Thursday, June 26, 2014


It was the summer of 1779 that the "Illinois Campaign" had help neutralize the British forces north of the Ohio River.  A fellow who had been involved in this campaign was named Walker Daniel.  Along with his younger brother Thomas, he explored and surveyed land on the south side of the Ohio.  On May 20, 1780 he files a land entry for 960 acres on "Holders Creek", and for an additional 960 acres on May 25, 1780 on "Holders Creek". [To become Jefferson Co.]   His younger brother explored further south recording 400 acres on "Stoners Fork" and 2000 acres on "Green River".  This was the beginning of the Walker's family involvement in this new land that was to contain the city of Danville.

The records can be found in "Land Entry Book No. A", Cook, M.I., Cook, B.A., Fincastle & Kentucky County VA - KY, Records and History, Vol. I, p. 141, Cook Publications, EvansvilIe, IN, 1987.

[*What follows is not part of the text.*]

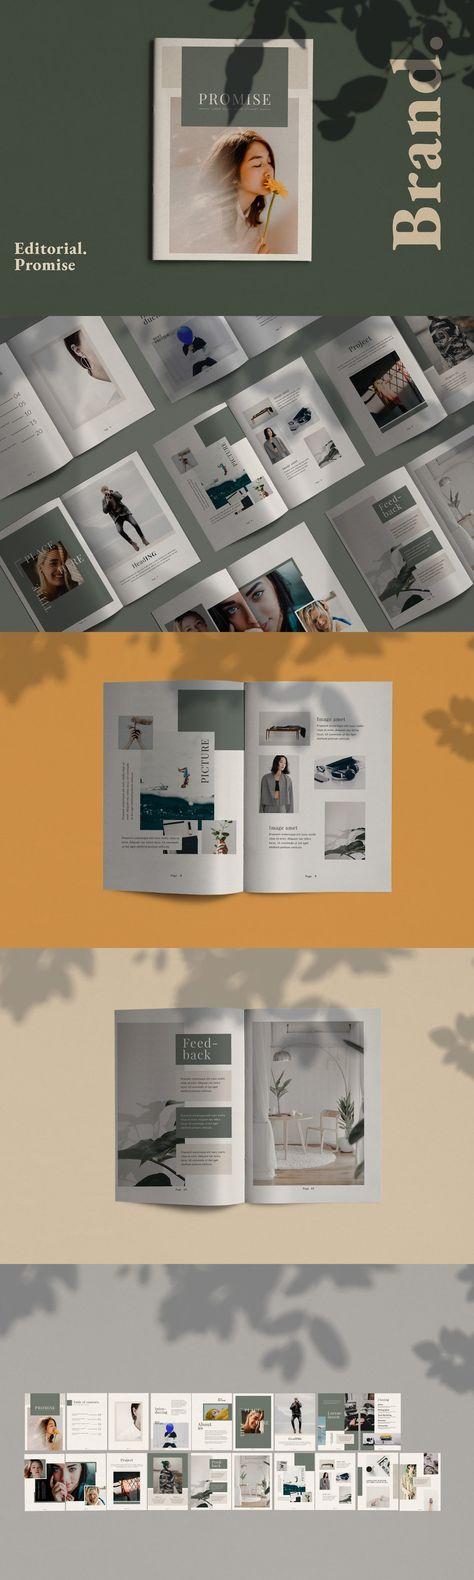 Promise Brand Lookbook

The whole story can be found in the book (cover shown below):

Tuesday, June 3, 2014

Three New Counties

The years between 1776 and 1780 were very difficult for those gathered in the three forts outlined in the last post.  George Rogers Clark had made things a little more stable after his military activity into the  "North West Territory", and by 1780 the legislature of the "Commonwealth of Virginia" past a law creating three new counties in this part of Virginia called "Kentucky County".

On June 30, 1780;  Jefferson, Fayette, and Lincoln counties were formed.  Jefferson County was named after Thomas Jefferson, who happened to write the Declaration of Independence.  Fayette County was named after a 23 year old Frenchman who was helping the cause of American independence.  Lincoln County was named after General Benjamin Lincoln who was one George Washington's chief lieutenants. 

Louisville became the county seat of Jefferson.  Lexington became the center of the new Fayette County.  St. Asaph (Stanford) was the county seat of Lincoln.  It was out of the county of Lincoln that the city of Danville would be formed.